-->

How to have git-diff ignore all whitespace-change

2020-07-11 06:51发布

问题:

In another post I found the very neat

git diff --color-words='[^[:space:]]|([[:alnum:]]|UTF_8_GUARD)+'

which does a great job at compressing git-diff's output to the essential while remaining legible (especially when adding --word-diff=plain for additional [-/-] and {+/+} surrounding deletions/additions). While this does include whitespace changes, the output does not highlight them in any noticeable way, e.g. when changing the indentation of a line of python code (which is a severe change) will show up as that line with the longer indentation (before or after), but there is no highlighting whatsoever.

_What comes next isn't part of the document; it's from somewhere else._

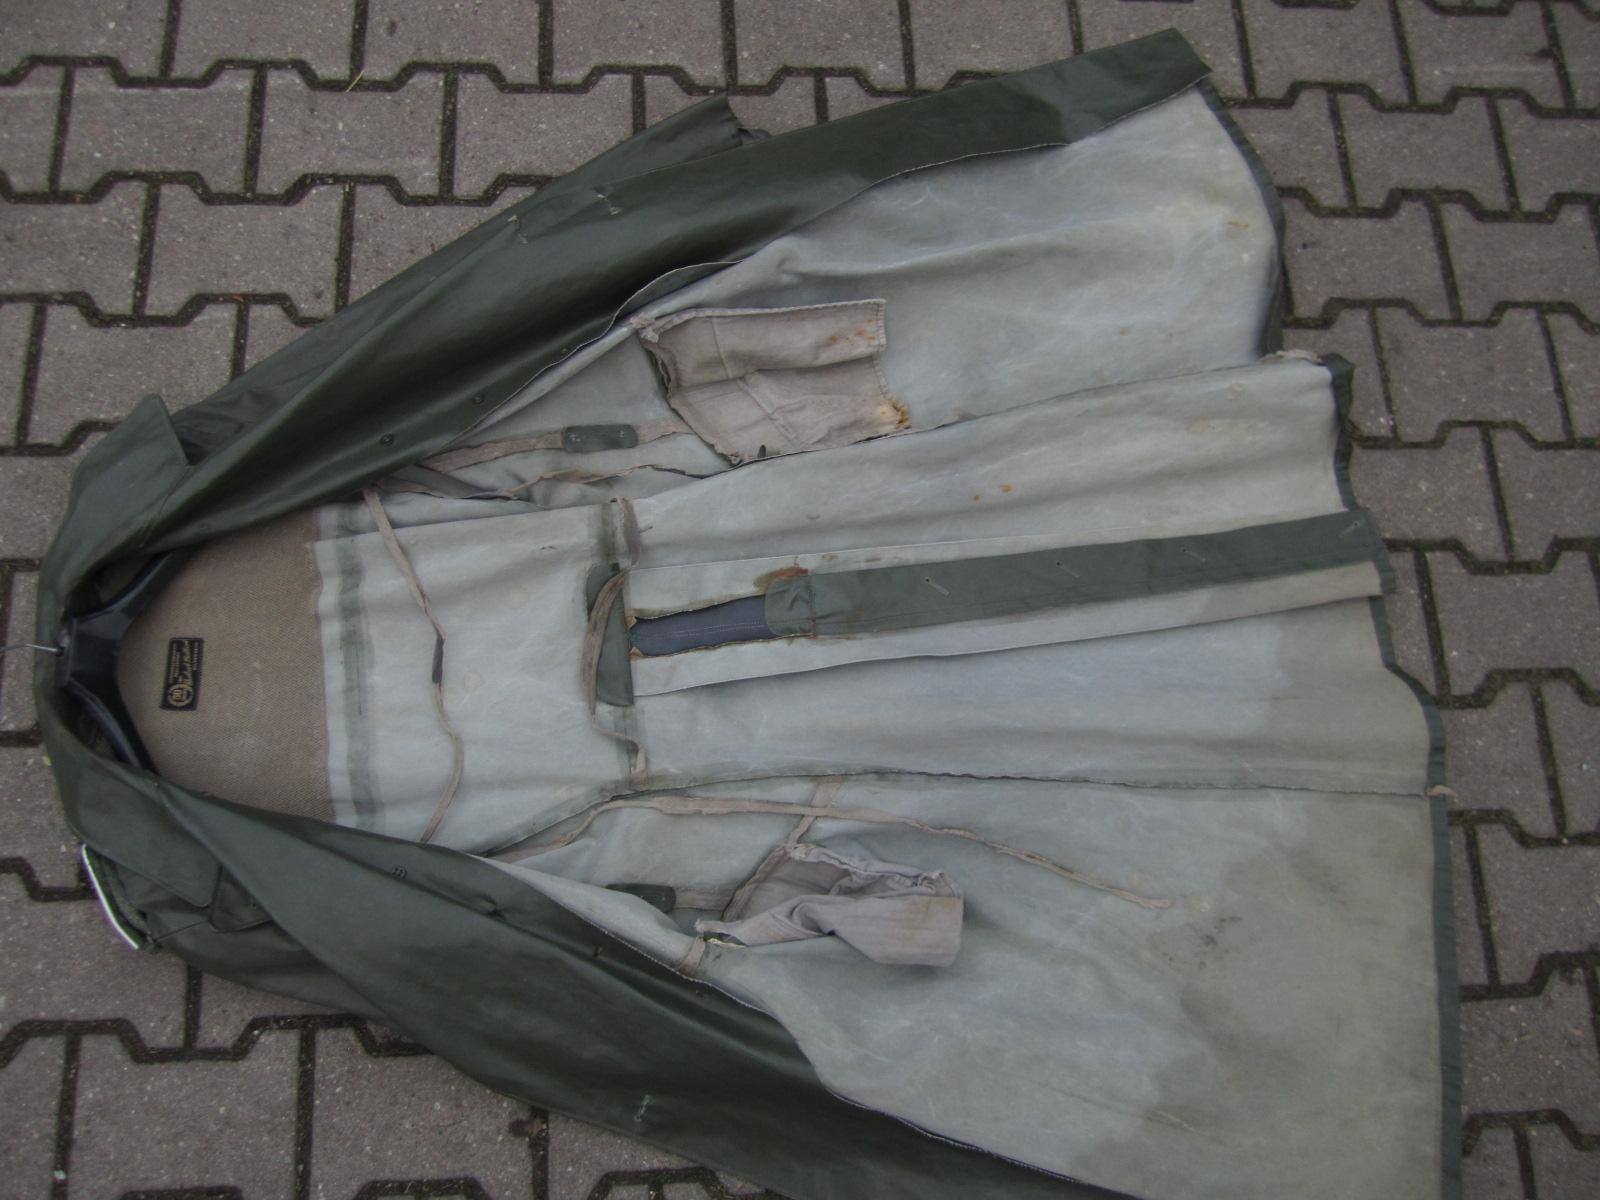 Identification Manteau de pluie WH C81f84e1-9b79-4714-9828-26827f6b6d9d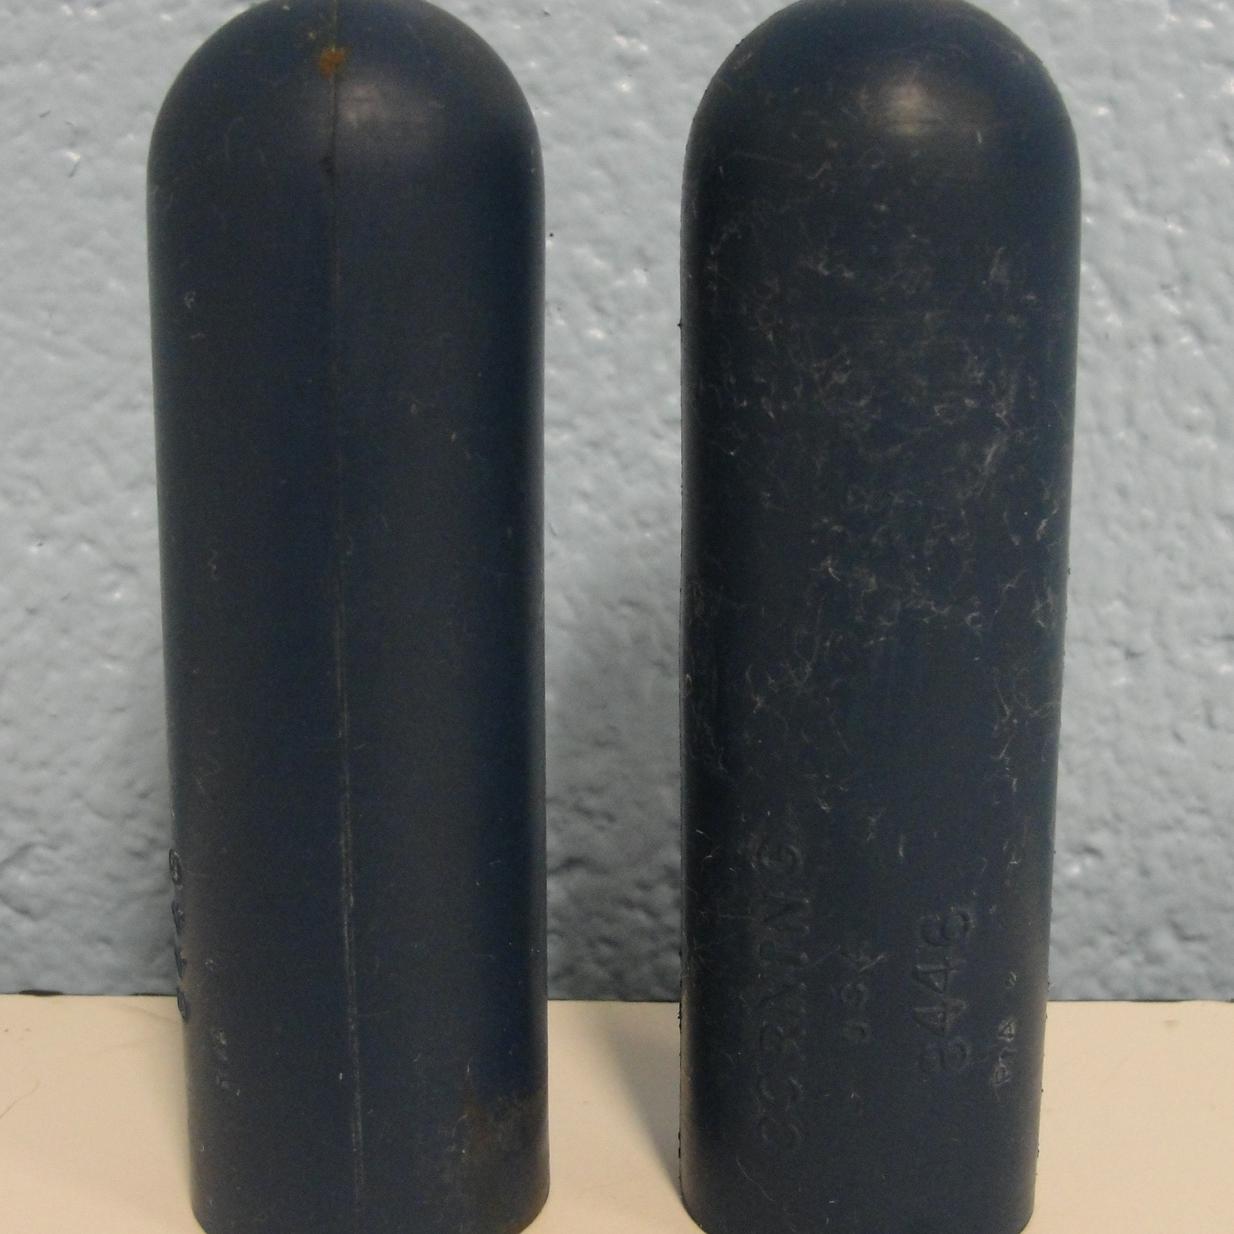 Corning 8446 Round-bottom Centrifuge Adapter Tubes (Set of 4) Image

How can whitespace changes be hightlighted correctly, maybe by replacing whitespace by some unicode characters such as ·, and , or something more close to git diff --word-diff-regex=.'s {+ +} etc but with the smarter word separation?

回答1:

I couldn't solve your problem, but I worry that Git might be working against you here. Recall that --color-words=<regex> is a combination of --word-diff=color and --word-diff-regex=<regex>. The man git diff documentation says:

   --word-diff-regex=<regex>
       Use <regex> to decide what a word is, instead of considering runs
       of non-whitespace to be a word. Also implies --word-diff unless it
       was already enabled.

       Every non-overlapping match of the <regex> is considered a word.
       Anything between these matches is considered whitespace and
       ignored(!) for the purposes of finding differences. You may want
       to append |[^[:space:]] to your regular expression to make sure
       that it matches all non-whitespace characters. A match that
       contains a newline is silently truncated(!) at the newline.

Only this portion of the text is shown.